In every installment of I Love Ya But You’re Strange I spotlight strange but ultimately endearing comic stories. Feel free to e-mail me at email@example.com if you have a suggestion for a future installment!
This time around, based on a suggestion by reader Brian P., we take a look at the time Batman was the world's worst defense attorney.
This is a two-parter that ran in late 1969 in the pages of "Superman's Girl Friend, Lois Lane" #99-100 by Robert Kanigher, Irv Novick and Mike Esposito. The story opened with Lois Lane headed to Gotham City to appear on a television program to celebrate Superman as part of Superman Appreciation Day. She was surprised to discover that the program also booked Lana Lang on the show, in an attempt to determine which of them was the true love of Superman's life. Oddly enough, Lois and Lana argued more than they normally would about something like this. They even had to be separated by a trio of celebrities there for the program (stand-ins for three popular late night television hosts, Johnny Carson, Merv Griffin and Joey Bishop).

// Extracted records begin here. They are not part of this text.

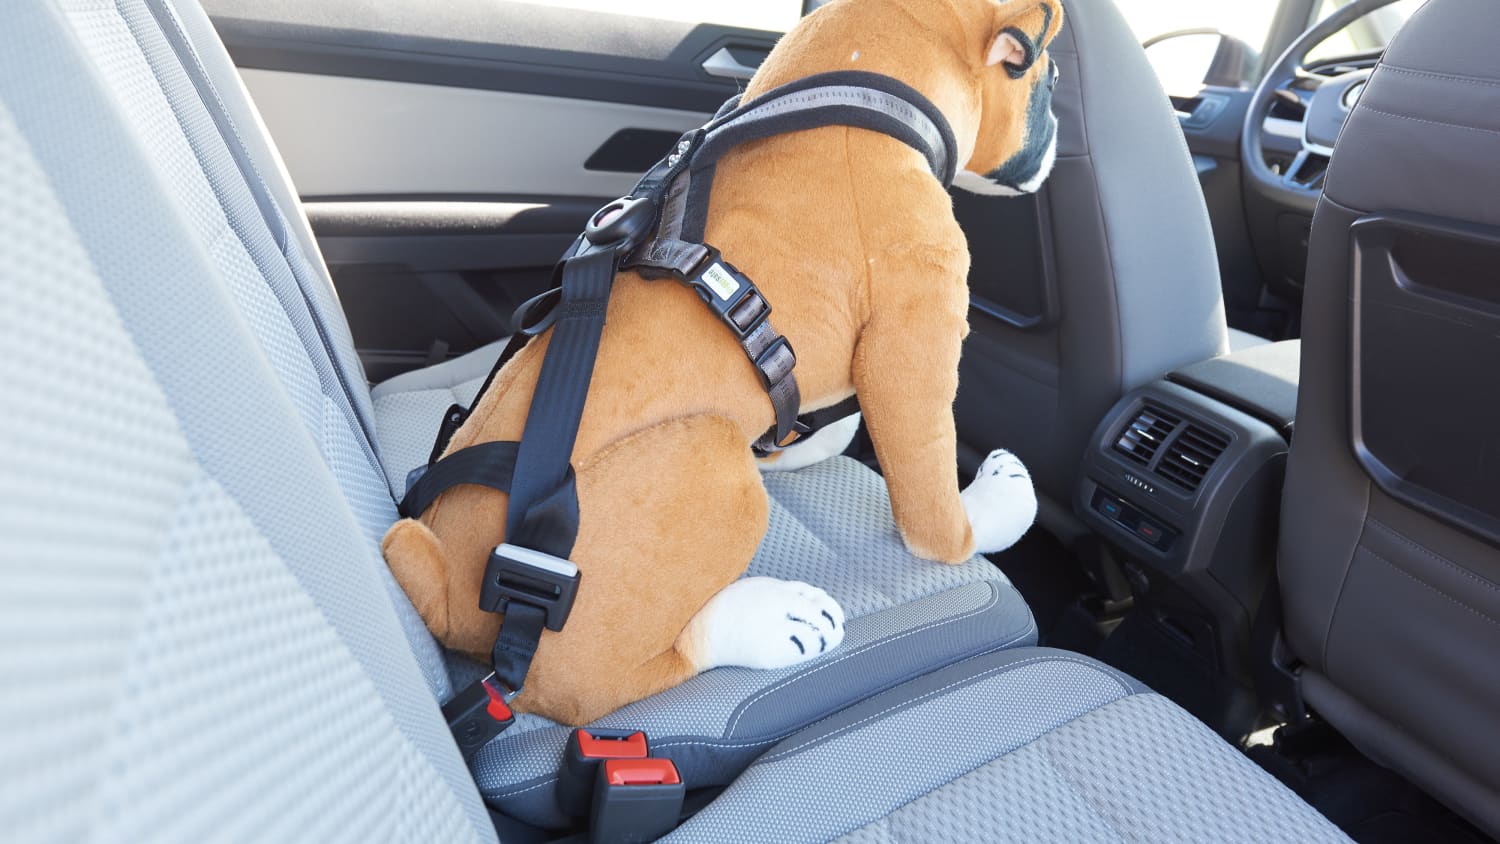 Haustier Auto Isolation Netz Hundesitz Schutz Hund Antikollision Haustier  Supplieseinfach zu installieren, Auto Teiler für sicheres Fahren mit  Kindern und Haustieren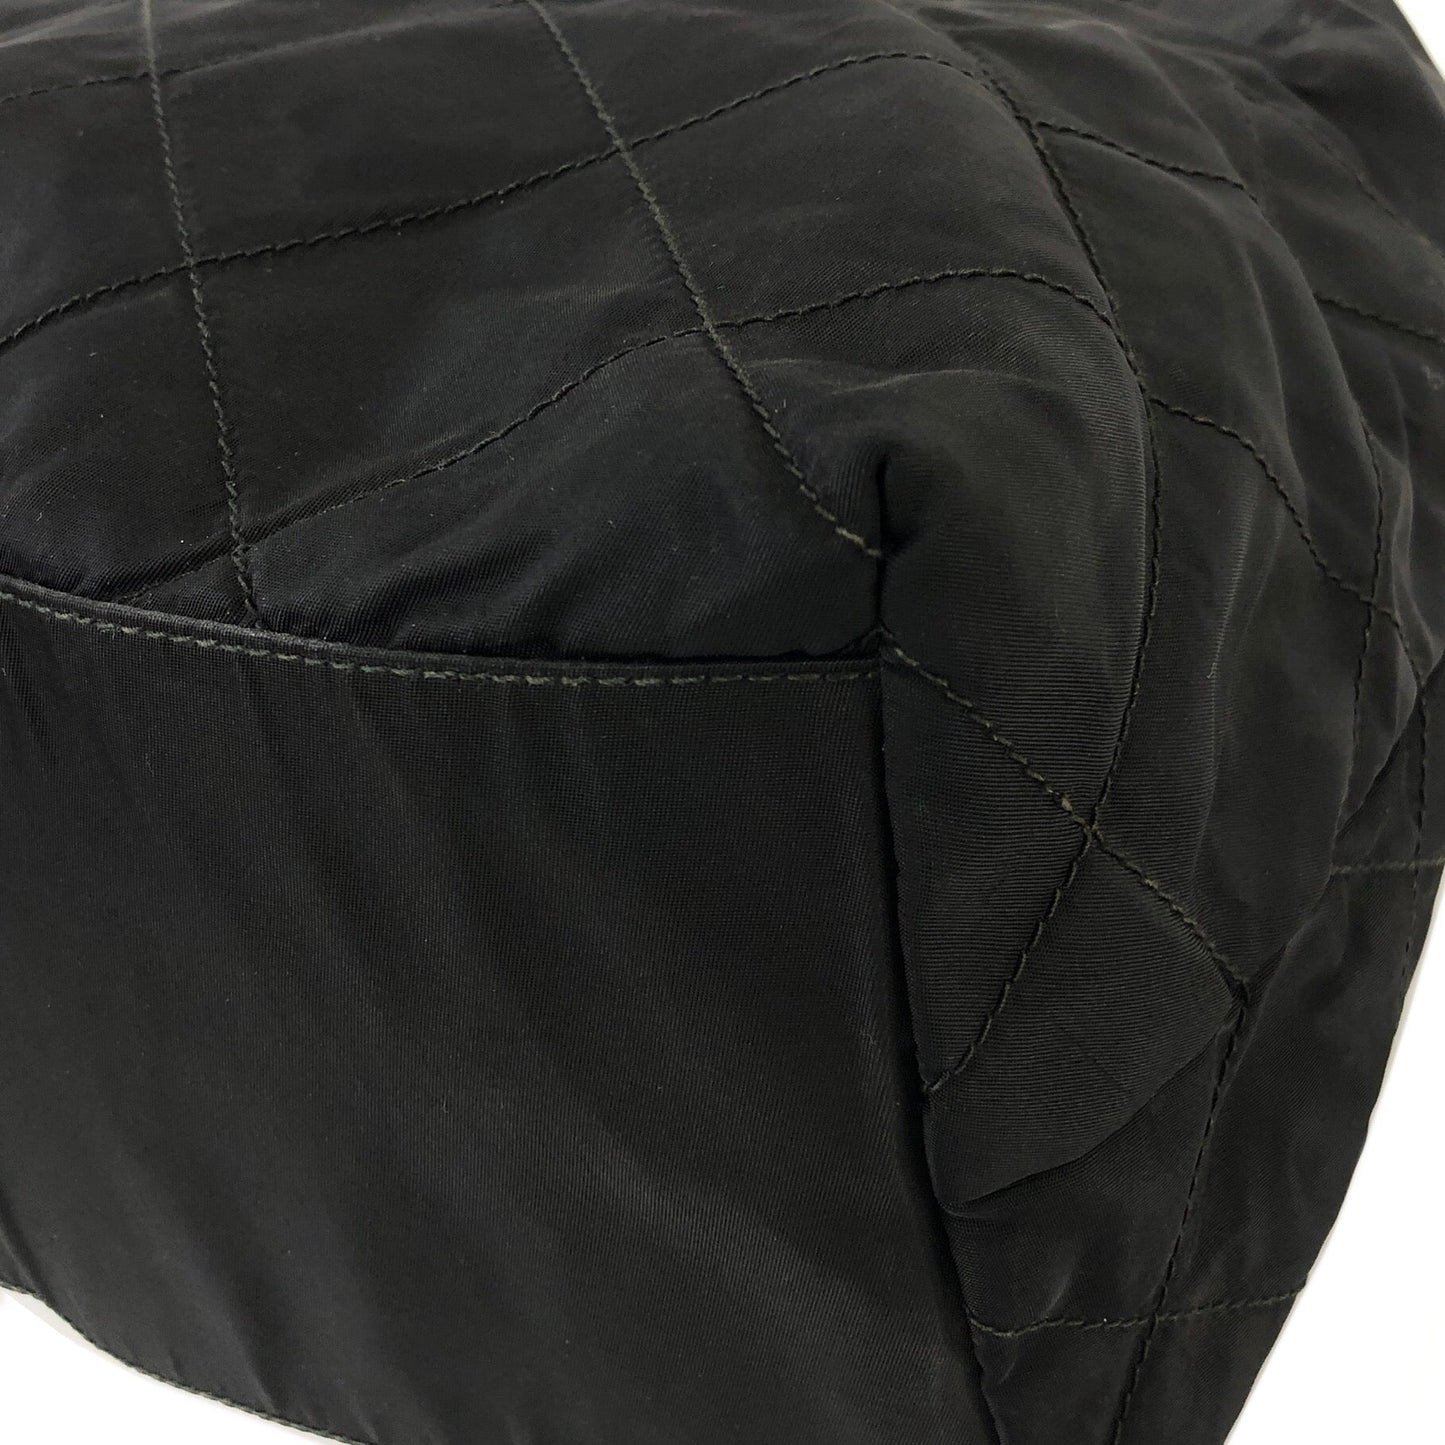 PRADA Chain Nylon Shoulder bag Black ibc4c8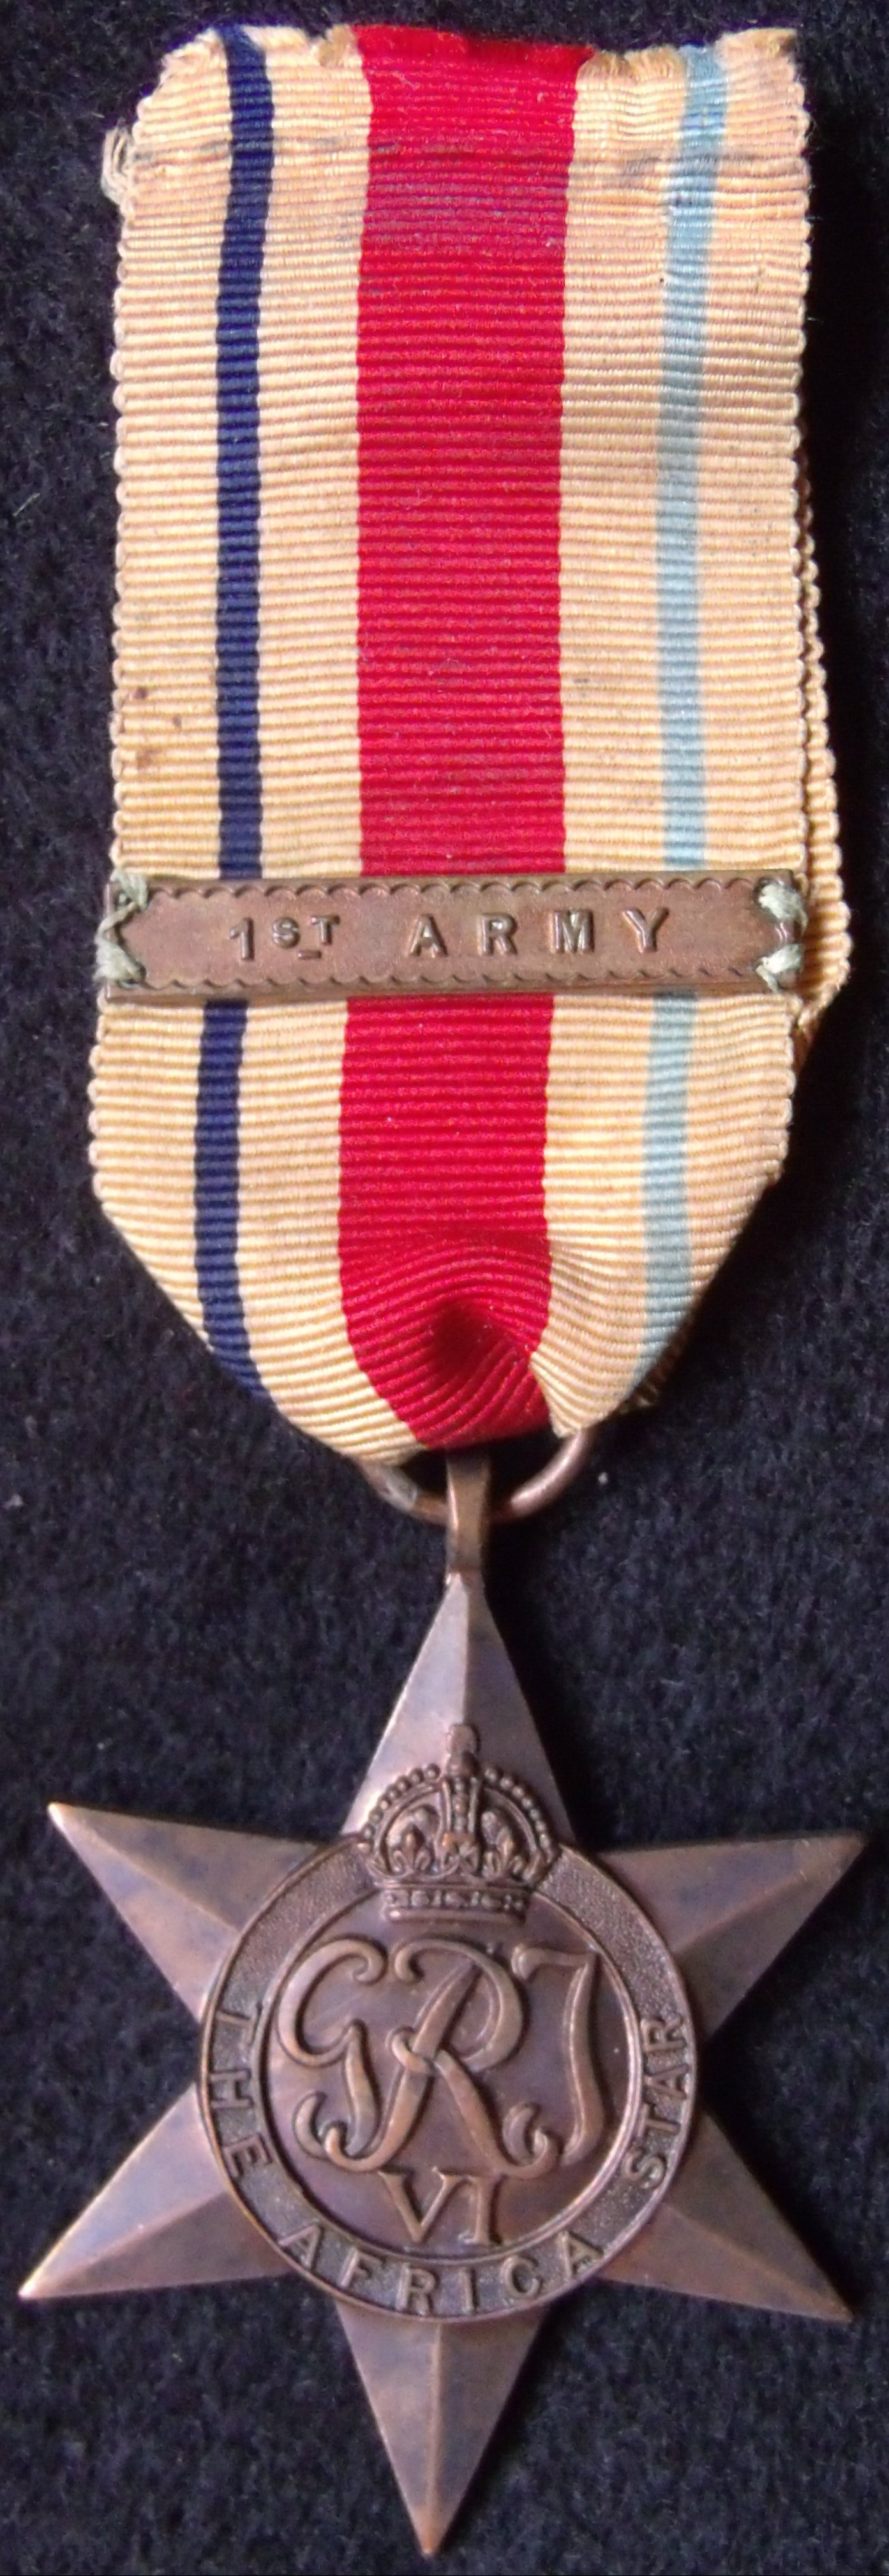 WW2 Africa Star 1st Army

Lois then made up with Lana and the two agreed to drive home together. However, while driving late at night, their car swerved off of the road and into the river. Lois emerged from the river without any memory of Lana also being in the car with her. When Lana's body was discovered, Lois was then charged with her murder (Brian P. thought that this might have been a reference by Kanigher to the then-recent incident involving Senator Ted Kennedy, where Kennedy accidentally drove his car off of a bridge at Chappaquiddick Island and into a tidal channel and while Kennedy escaped, the young woman that was in the car with him, Mary Jo Kopechne, died. It is certainly possible, as the Chappaquiddick incident was a major news story and Kanigher was known for being conservative, but I wouldn't be able to say for sure. It does add a bit to the overall oddity of the comic story, though, if Kanigher was also using it to take a shot at Senator Kennedy).
After Bruce Wayne visited Lois in prison, he promised her that he would get her the finest lawyer in the country, which, as it turned out, was himself...as Batman!
Leaving aside the oddity of referring to yourself as the finest lawyer in the country, Batman's not even a laywer, so...huh?!? And yet everyone thinks that this is a great idea in the comic. "Oh yeah, of course, Batman is an awesome lawyer. Everyone knows that. You didn't know Batman is the greatest lawyer in the country? What are you, some moron?"
Since things weren't already too bizarre, the Gotham City district attorney determined that the only way to defeat the world's finest defense lawyer in court was to, of course, get Superman, who everyone knows is also an awesome prosecuting attorney.
It makes so much sense that I don't know why all trial are not decided this way.
Things took a turn for the worse when Superman did some investigating and determined that Lois actually is guilty. He informed her that she should just take a plea bargain and she is not happy. Superman, meanwhile, starts to cry. It is pretty awesome.
Why DO they burn so, Superman?
When the trial began, Batman turned out to not be the finest lawyer. In fact, he was downright awful. Pretty much every witness he cross-examined ended up tearing down his case for Lois....
He let her take a polygraph test in front of court and when she failed it, he had to then note, "Hey, wait, this isn't admissible!"
In the end, Batman was not even in court when Lois was about to be convicted. Luckily, it turned out that he was busy exhuming Lana Lang's body. You see, no one had ever bothered to actually do an AUTOPSY on the murder victim! It turned out that it wasn't Lana Lang at all, but an android! Seriously, the world's greatest detective never noticed that there wasn't an autopsy on the body?!?
Also, you have to love how Batman just brought the body into the courtroom. Can't trust the report of Batman's findings. Nope, need a dead body.
Anyhow, Superman then tracked down a gang of androids who were playing real life chess with Lois and Lana (they were the ones who forced them to fight back on the television show), as androids are wont to do...
The real Lana was saved and everything was good, except, of course, through his legal incompetence Batman almost got Lois Lane the Death Penalty. So be forewarned, kids, if you ever go on trial for murder, don't hire Batman! Not even if Bruce Wayne tells you he's an awesome lawyer.